This is how you remind me …
The portrait was glaring at him again.
After two hours of incessant code-breaking, two flat, lifeless black eyes staring at the back of his head could get quite annoying. Brushing his work aside, he folded his arms on his desk and rested his head on them, twisting slightly so that he could glare back at the portrait on the wall behind him. It was a painting of his father, strangely lifelike in its very lifelessness, framed and laminated with the sort of care he didn't think a picture of his father deserved. His mother had had it framed and hung up in his room when he had been a little boy, and he hadn't had the heart to take it down. It was only at times like these that he wondered why he bothered to be so sentimental.
He closed his eyes, hoping no one would come and knock on the door. His head was pounding, probably from lack of sleep, or perhaps the endless hours spent staring at the patterns of numbers before him. The code was eluding his grasp in a way that made him think that he was trying to catch smoke in his hands. It was there, he knew it, he just couldn't hold onto it. Perhaps he wasn't concentrating enough.
The sound of laughter drifted in through the open window. He massaged his temples and walked to the sill, leaning his hands on it as he looked out from his second-storey window. The moors spread before him, wide and unchanging, with wisps of fog away in the distance. Closer, within the boundaries of the manor gardens, he could see Misao and another girl – the one who came to clean, he thought – standing on the wide patch of lawn below his window. Misao was holding a rusty-looking rake, gesturing towards the leaves that had been piled into the corner with wild hand movements. The other girl was laughing, bent over almost double as Misao continued to relate whatever story she was narrating, still gesticulating comically. He looked down at them, wondering why he had never fit in so easily when he had been that young.
Misao obviously felt someone watching her, because after a while she frowned and glanced around. Catching sight of him looking down at the two of them impassively, she called, "'Morning, Shinomori-san!"
He couldn't remember the last time he had had a shouted conversation from his second floor window. "Good morning, Misao-san," he said calmly, not raising his voice too much.
"Isn't it great weather today?" she said happily, as the other girl – Kaoru, he thought her name was – slunk off, looking uncomfortable. "I think autumn's coming, ne, Shinomori-san?"
He hadn't really noticed the weather, but now that he thought about it, it was indeed a lovely day. The air was cool but not biting, and the sun warm but not glaring. The leaves had just begun to change colour, lending a sophisticated beauty to the atmosphere that was rarely to be seen in other seasons. "Yes," he said.
"I haven't seen you for a while," she continued, digging the prongs of her rake into the ground and leaning on the staff. "Were you busy?"
He wondered if he could possibly be more eloquent before saying, "Yes." She didn't look put off, though. She simply went on with her good-natured questions.
"You're always working, aren't you? Do you ever come outside? I mean, I don't understand how you can possibly stay in on a day like this." She took the rake in one hand and spun around, arms spread out wide. "I couldn't!"
He breathed in deeply, wondering exactly how he was supposed to reply to that without sharing some sort of information. Strange that when all he wanted to do was contribute to the conversation, he quailed at the opportunity to do so. Coldly, he said, "I take a walk in the mornings, usually."
Her face brightened instantly. "You do? That's great! Then you're not missing the weather after all! I hear it's going to get terrible very soon – winter will be all dry and cold and dead. They say that snow isn't nice here, not really." She paused for a second, then asked curiously, "Do you like snow, Shinomori-san?"
Did he? He had never thought about it. He compared it to all the other seasons he didn't object to, and decided that snow was quite pleasant. "Yes," he said finally.

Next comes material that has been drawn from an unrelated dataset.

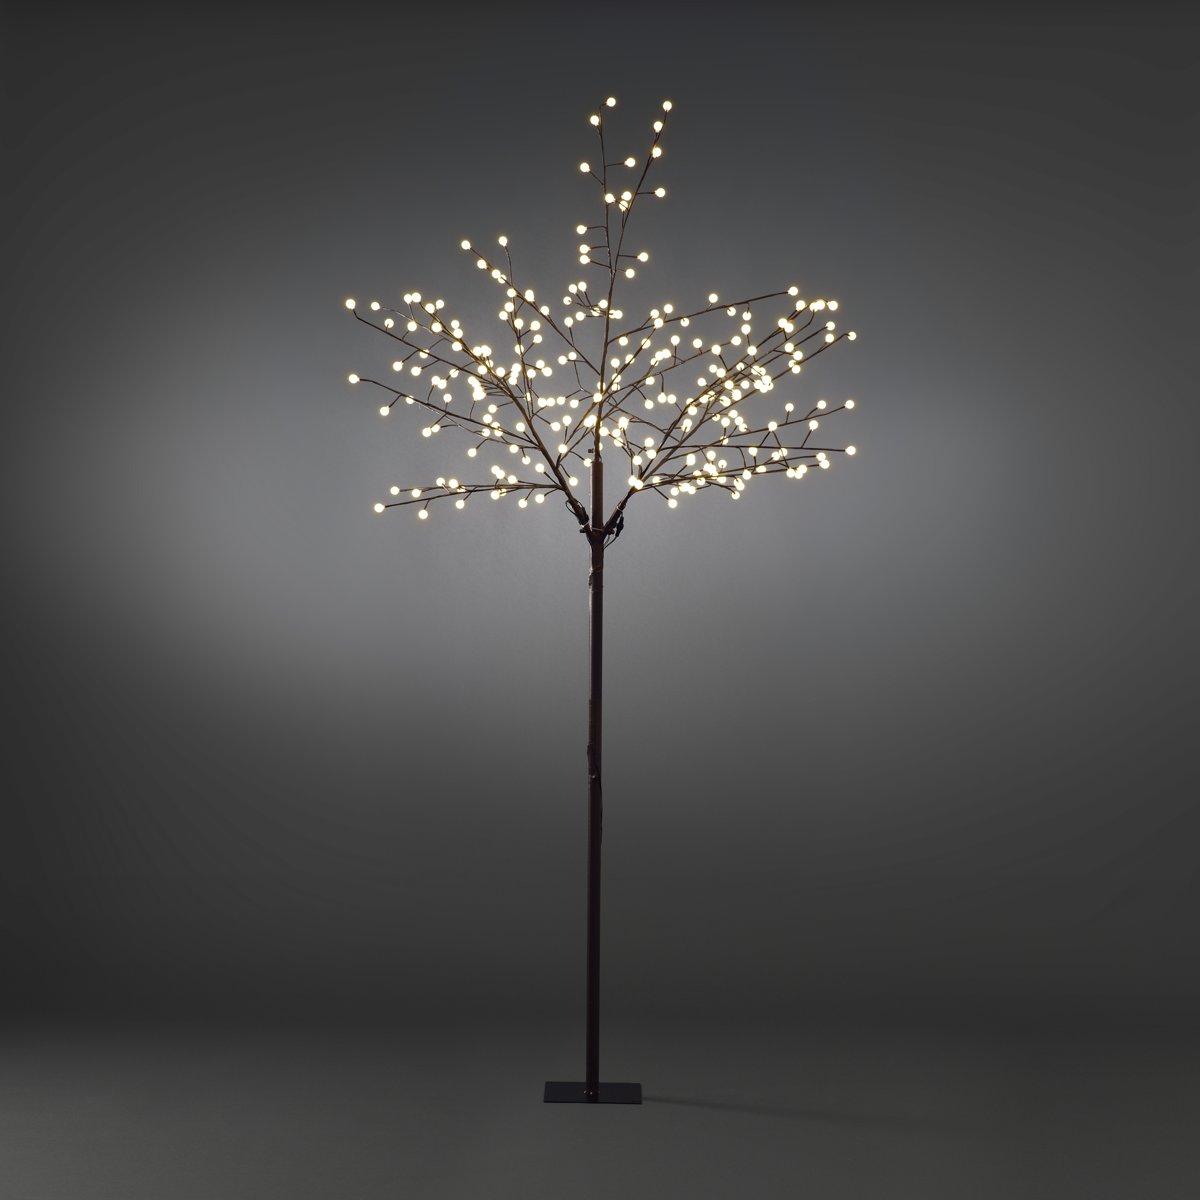 Konstsmide - LED boom bruin 250cm 24V 240x - warmwit kopen

Her smile was dazzling. "You do?" she said, almost hopping in excitement. "So do I! Wow, that's so cool! I love snow! Does it snow a lot here?"
Ah, a variation. He could actually say something apart from 'yes' without contributing markedly to the talk. "No," he said.
Her face fell. "Aw … Oh well. Do you think you could come outside right now and help me, Ao – Shinomori-san? Because, see, Omasu-san and Okon-san are pretty busy, and Shiro broke his ankle – the idiot – and he isn't here today, and Kuro has the day off, and Kaoru just left, and I can't do all these leaves alone."
He stared at her. She was asking him to come outside? With her? Who was the last person who had asked him to do something, apart from his seniors at the government offices in London? He knew what he wanted to say, and he knew even before he spoke that he would not say it. "No, I am sorry, Misao-san," he said detachedly. "I have work to do."
She made a face before smiling brightly once more, but he could see that she was disappointed. "Yeah, I thought you would. Thanks for thinking about it, though. Well, see you, then, Ao – Shinomori-san!" she said, turning back to her raking, her mouth pursed up as she whistled cheerfully.
He had just returned to his desk and was reaching for his papers when he realised that she hadn't said 'sorry for bothering you' before she turned away. Definitely an improvement. And, he had made her smile when he had said that he liked snow. Oh yes. There had most definitely been progress.
"Telegram for you, Aoshi-sama," came Okon's voice, punctuating the knock on the door.
He sighed and leaned back in his chair. Was he never going to get any peace? He had to turn the code in by Friday, and it was Wednesday already and he had gotten nowhere. Not even a single pattern had been marked out. No primer, no nothing. "Come in," he said, trying not to let the weariness in his voice show.
The door opened and Okon entered, tucking her hair behind her ears as she did so. She held a yellow envelope in one hand, which she placed on his desk and waited for him to read it. They always did that, Okon and Omasu, in case he wanted them to do something regarding the contents of any telegram or wire he received.
He flipped the envelope open and pulled out the neatly folded piece of paper it contained, suppressing the urge to sigh as he skimmed through the contents. "It seems I forgot to pay the income tax for last month," he said quietly. "I'll write you a cheque, which you can take from me tomorrow and have paid. That will be all."
Okon bowed and left, shutting the door behind her softly so that it wouldn't bother him. They were all always so quiet and considerate – out of genuine respect, yes, but also because they felt sorry for him. He could feel their pity, feel it emanating from each of them – Omasu, Okon, Kuro, Shiro, the gardener's son … even the two girls who came to clean. He despised it, but there was nothing he could do. They kept up the place, were willing to live there regardless of how the townspeople must repulse them because of it, and he was grateful for it, even if he never let it show. But they knew him well – they probably did know.
He looked at the patterns spread out in front of them, wondering why they didn't make sense. He was thinking about them constantly – before he slept, when he ate, even while he was talking to someone. It couldn't be such a tough code – he'd cracked harder ones, he knew he had. He could sense what was difficult and what was not. And this was not. So why …?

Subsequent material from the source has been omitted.